The company made misleading claims about the anti-inflammatory properties of eye treatment AzaSite
US ophthalmic pharmaceuticals manufacturer Inspire Pharmaceuticals, located in Raleigh, NJ, has agreed to pay the US government and 48 states US$5.9m to settle claims of misleading advertising regarding its drug AzaSite.
The resolution settles allegations that the company violated the US False Claims Act by making claims about the medicine’s anti-inflammatory properties.

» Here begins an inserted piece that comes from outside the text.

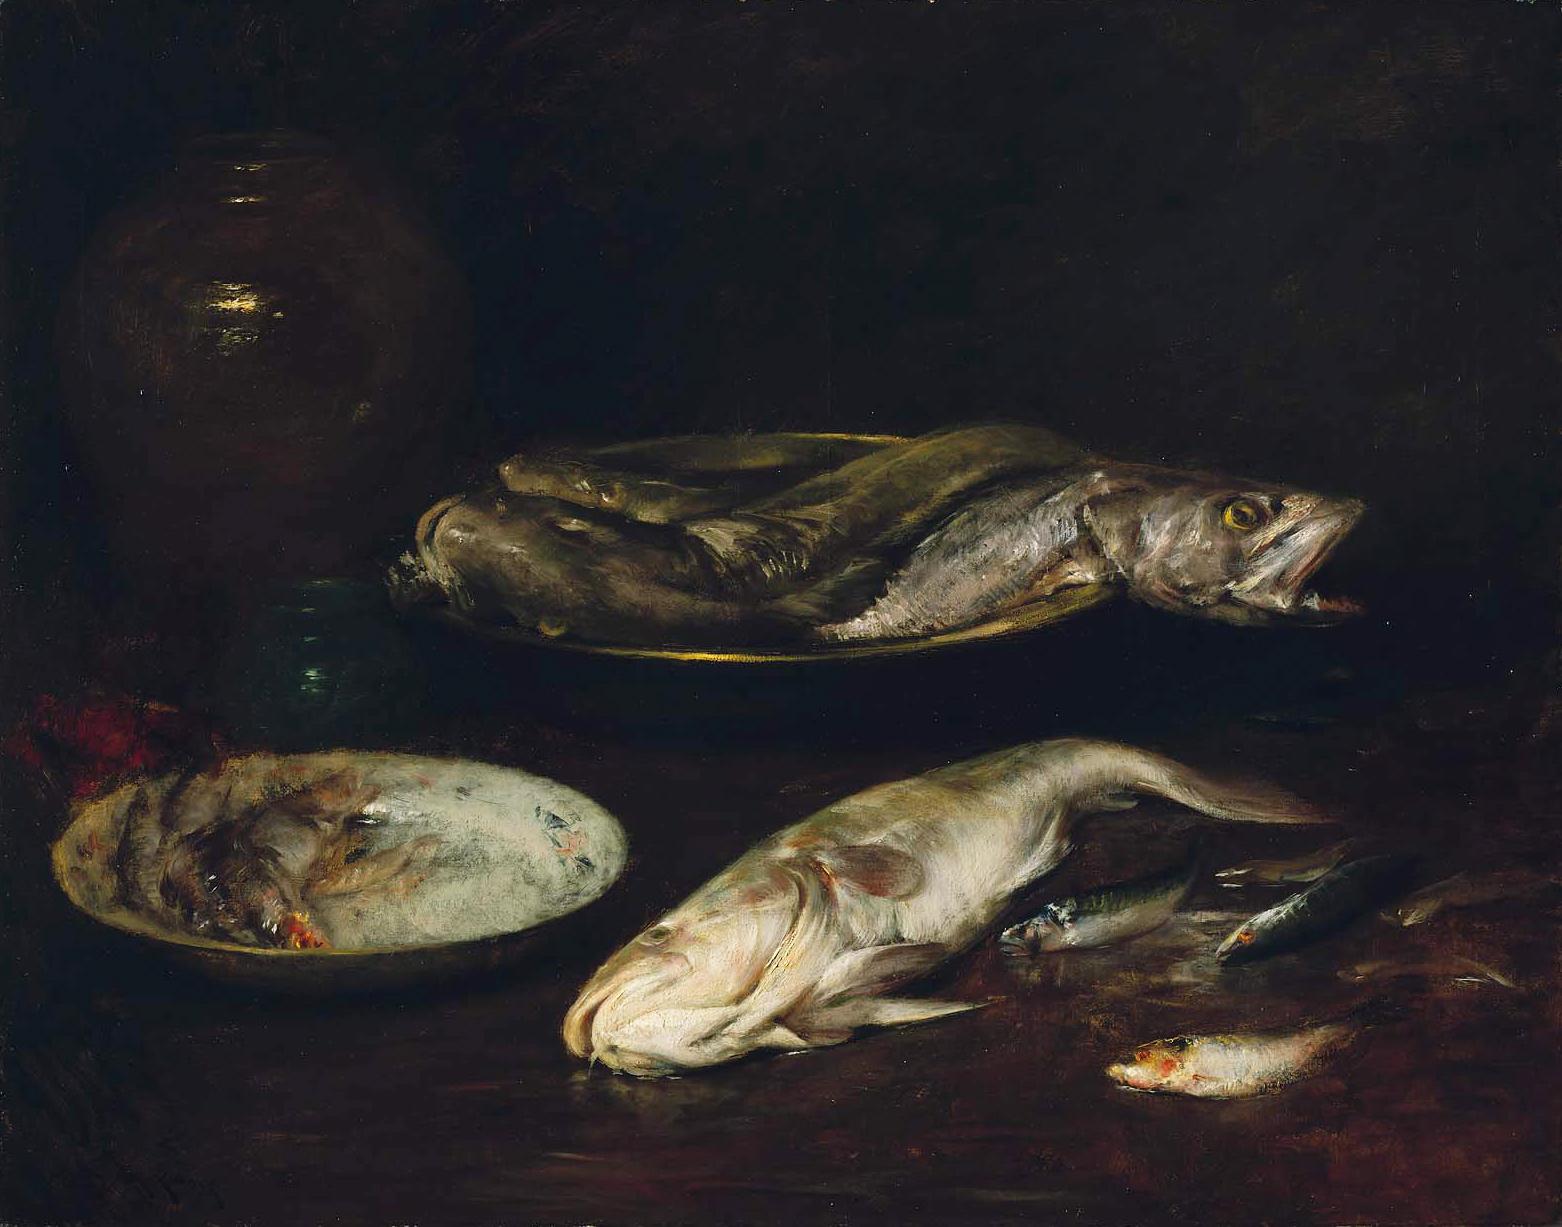 Уильям Чейз William Chase художник рыба натюрморт Альберт Сафиуллин американский импрессионизм

The Attorney General of Kentucky, a state involved in the case, said the US Food & Drug Administration (FDA) had approved AzaSite for treating bacterial conjunctivitis (pink eye), but 'Inspire marketed the product for the treatment of blepharitis, the inflammation of eyelash follicles around the edge of the eyelid, for which it had not obtained FDA approval, by intentionally and misleadingly emphasising the purported anti-inflammatory properties of AzaSite that had not been demonstrated by substantial evidence or substantial clinical experience'.
This, the Attorney General said, caused doctors to write prescriptions for a non-FDA approved use that resulted in Medicaid and federal healthcare programmes paying millions of dollars in false claims.
'Patients have a right to trust they are being prescribed properly tested and effective medicine,' said Kentucky Attorney General Jack Conway.
Inspire was bought by Akorn Inc in 2013. The investigation sparking the settlement followed a whistleblower complaint from a former Inspire Sales Manager in 2010.